Bed, Bath & Beyond shares fall after investor Ryan Cohen reveals plans to sell his stake

Signs mark a Bed Bath & Beyond store in Somerville, Massachusetts.

Brian Snyder | Reuters

Bed bath and beyond Shares fell in extended trading on Wednesday after activist investor Ryan Cohen said in a filing that he intended to sell his entire stake in the retailer through his company RC Ventures.

According a Form 144 that has been filed with the Securities and Exchange CommissionRC Ventures has offered to sell 9.45 million shares of the company, which is the total amount he holds in Bed Bath. A Form 144 acts as official notice of a proposed sale of securities.

Representatives for RC Ventures and Bed Bath did not immediately respond to CNBC’s request for comment.

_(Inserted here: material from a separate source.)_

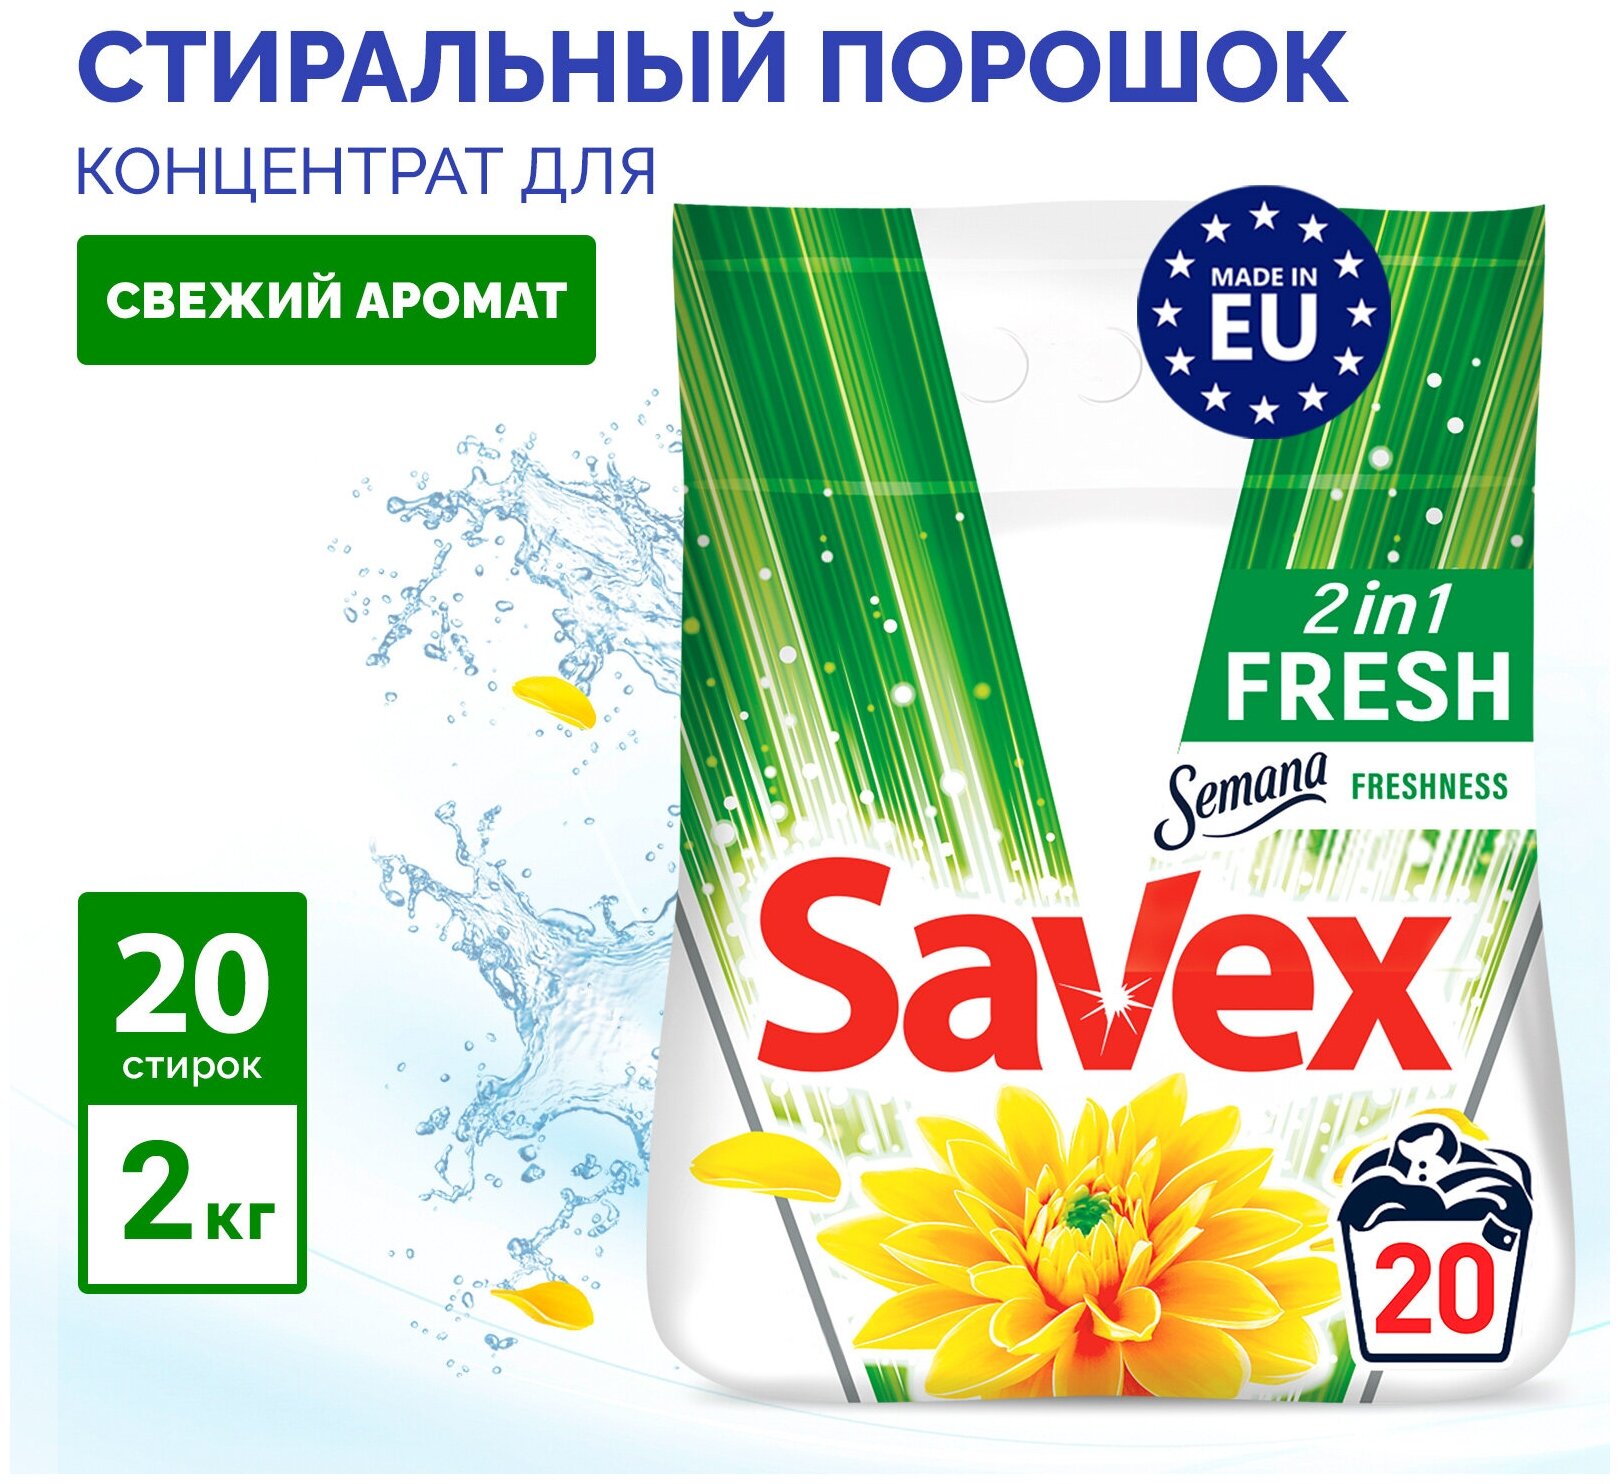 Порошок стиральный автомат Savex 2в1 Fresh для белья универсальный концентрат, 2 кг

The aggregate purchase price for the 7.78 million shares held directly by RC Ventures is approximately $119.4 million, excluding brokerage commissions, according to earlier SEC filings. And the aggregate purchase price for the company’s exercisable call options in 1.67 million shares held directly by RC Ventures is approximately $1.8 million, also excluding these commissions.

Call options give a buyer the right, but not the obligation, to buy stock at a set strike price. Cohen’s options were for strike prices of $60, $75 and $80.

If Cohen hypothetically managed to sell all of his Bed Bath common stock at Wednesday’s closing price of $23.08, he would earn about $60 million, according to a calculation by CNBC.

Cohen first revealed he held a nearly 10% stake in Bed Bath through his activist cabinet in early March. FactSet says its holdings stood at 11.82% at the end of March.

At the time, Cohen, the GameStop chairman and founder of Chewy, wrote a letter to Bed Bath CEO Mark Tritton, saying he thought the home goods chain was struggling to reverse market share declines and weather issues. the supply chain. He also urged the retailer to consider selling off its Buybuy Baby channel.

Later in March, Bed Bath said so reached an agreement with the Activist’s Cabinet to add three people chosen by Cohen to its board of directors, effective immediately.

Barely three months later, Bed Bath abruptly replaced Tritton as CEO in June, naming Sue Gove, a restructuring expert and independent director, as his interim successor. This came after the company suffered another quarter of sluggish sales and heavy losses.

More recently, Bed Bath has been struggling with cash flow, with its coffers drying up ahead of the holiday season and during the back-to-school and back-to-university sales periods.

Bed Bath reported about $108 million in cash and cash equivalents in its first fiscal quarter, up from $1.1 billion a year earlier. Its net losses swelled to $358 million from a loss of $51 million in the same period in 2021.

Still, the meme stock craze has found new life in recent weeks, and Bed Bath was the first beneficiary. As of Wednesday’s close, the stock had risen 58% so far this year, easily outpacing the broader market.

Shares of the home goods retailer rose more than 300% in August alone, with strong trading volume. The stock saw nearly 400 million shares trade on Tuesday and another 249 million shares on Wednesday, according to FactSet.

Bed Bath was also by far the most mentioned stock on Reddit’s Wall Street Bets page over the past week, according to third-party data provider Quiver Quantitative.

On Wednesday, after news of Cohen’s filing began to surface, users took to the Wall Street Bets page to point out that Form 144 is only for giving an opinion on a proposed sale.

User “foyerhead” said: “Ryan Cohen didn’t sell. FORM 144 is the “right” to sell. It does not mean that you are selling or have sold. If you own 10% or more of a business, you must file the form giving you the right to sell within the next 90 days.”

User “DeadSol” wrote, “Of course he didn’t sell. He’s a monkey like us.”